Au cœur des dépêches qui déferlent chaque jour, là où les journalistes de tous bords narrent des résistances héroïques, un silence fourbe s’est embusqué, à l’abri des événements qui ensanglantent Gaza. Cette tragédie, accentuée par la félonie et la veulerie, laissera des cicatrices indélébiles dans la mémoire collective.
Jusqu’à l’instant précis où ces mots sont écrits, pas la moindre déclaration de sa part condamnant sans équivoque les crimes contre l’humanité commis à l’encontre des Palestiniens.
Benjamin Stora, qui s’est hissé sournoisement au rang d’autorité historique, s’est autoinvesti qui plus est d’une mission de réconciliation entre les Algériens et les Français.

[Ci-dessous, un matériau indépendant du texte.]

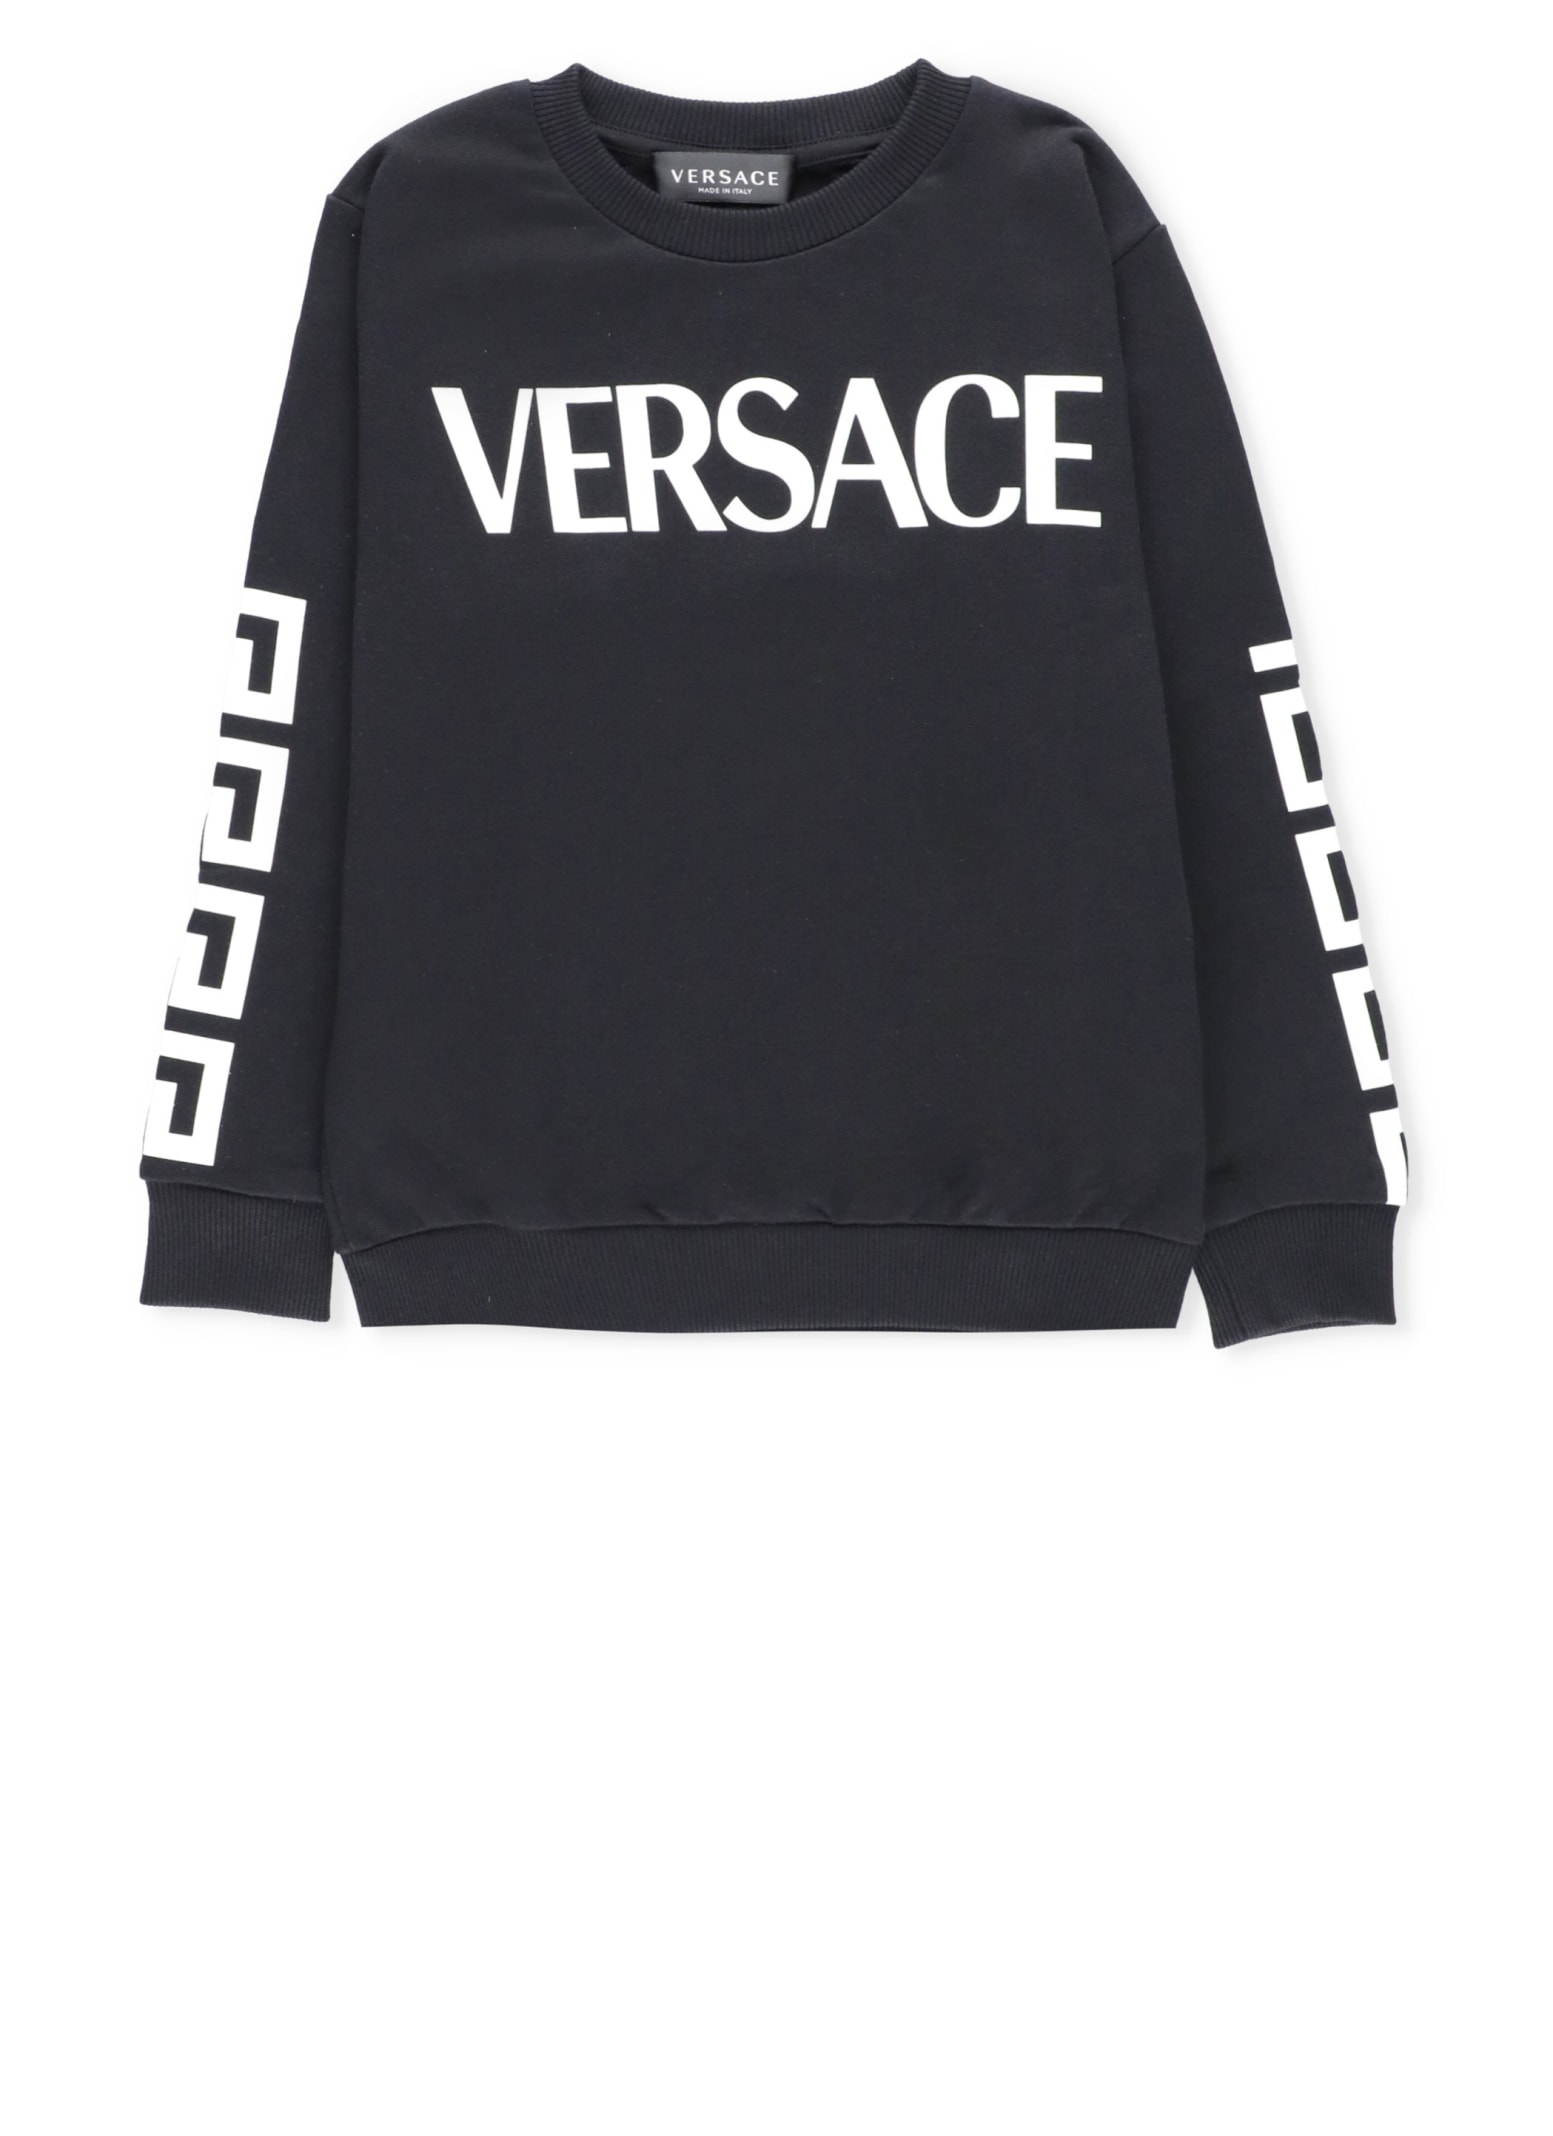 Versace Sweatshirt With Greek Print

À y voir de près, sa prétendue noble tâche semble destinée à apaiser les plaies du passé, à ériger des passerelles entre les communautés et à restituer la voix à ceux que l’Histoire a évincés. Pourtant, derrière ce masque d’intentions vertueuses se cache un vil paradoxe : son aphasie assourdissante face aux brutalités sans commune mesure subies par les Palestiniens.
Chaque jour que Dieu fait, les journaux du monde, dont les pages sont imbibées de sang, dévoilent des épisodes atroces d’une nation meurtrie et victime d’une guerre aussi génocidaire que celle endurée par la nation algérienne. Les terres ancestrales des Palestiniens servent désormais de scène à un drame sans équivalent, un ethnocide monumental dissimulé sous le manteau d’une victimologie régurgitée, érigée en dogme et d’un chimérique destin manifeste.
Alors que d’éminents intellectuels ont vilipendé l’entité sioniste pour son agression criminelle ; on peut citer à cet effet l’appel courageux de Norman Finkelstein, une ode mémorielle aux martyrs de Gaza (1), l’apôtre de la conciliation des mémoires élit curieusement le chemin du silence. Comment peut-on prétendre œuvrer à une réconciliation supposée être animée par une commisération universelle tout en détournant délibérément son regard des cris étouffés de ceux dont l’Histoire est brutalement malmenée, décimée, effacée, là-devant nous et dans des directs sans concession ?
Sa réconciliation, beuglée à tue-tête, a failli dans son essence, en se gardant de dénoncer ce sionisme génocidaire pratiqué par coreligionnaires, de dire la vérité là où elle doit l’être, et de condamner sans quiproquo les meurtres d’enfants, de femmes et de vieillards. Ainsi, ce silence devient une ignominie perverse, accrue d’une trahison abjecte à la responsabilité considérée de l’historien.
La nation algérienne qui rejeta cette réconciliation-mystification tout au début se trouve par ses manquements gravissimes de ledit-historien conforté aujourd’hui dans sa décision et rien ne lui fera changer de position à cet égard.
Silence odieux et parti incontestablement pris, cette posture à l’encontre du génocide en cours à Gaza dévoile la véritable nature de cette collusion mémorielle entre l’Algérie et la France, suintant les relents pestilentiels et nauséabonds d’une Pax Judaica.
Une Pax Judaica qui, à mesure qu’elle se divulgue, révèle les stigmates d’un mercantilisme intellectuel travesti en humanisme ; tout cela pour redonner, au fil du temps et à travers une stratégie graduelle, une nouvelle virginité à ceux que le décret Crémieux a choyés de la nationalité française en récompense de services rendus pendant la colonisation.
Plus que jamais, l’écriture de l’Histoire s’est muée en un art falsificateur, minutieusement orchestré par ceux qui se cachent derrière les masques de l’infamie. Benjamin Stora, tel un funambule égaré dans les méandres de sa mutité face au supplice des Palestiniens, aurait dû, au milieu de cette actualité tourmentée, simplement par attirance, rester dans son carré d’aisance, plutôt que de se pavaner à Constantine (2), arborant tel un totem sa réconciliation-tartufferie de potiche.
Ce projet mémoriel mort-né, la conscience collective de la nation algérienne l’a honni dès le départ, nonobstant les agitations boulimiques dans les sphères académiques du susdit historien, ses régurgitations sur les plateaux audiovisuels et ses incursions chorégraphiées et carillonnées à l’Élysée, bariolées par ses incongrues escapades en catimini en Algérie.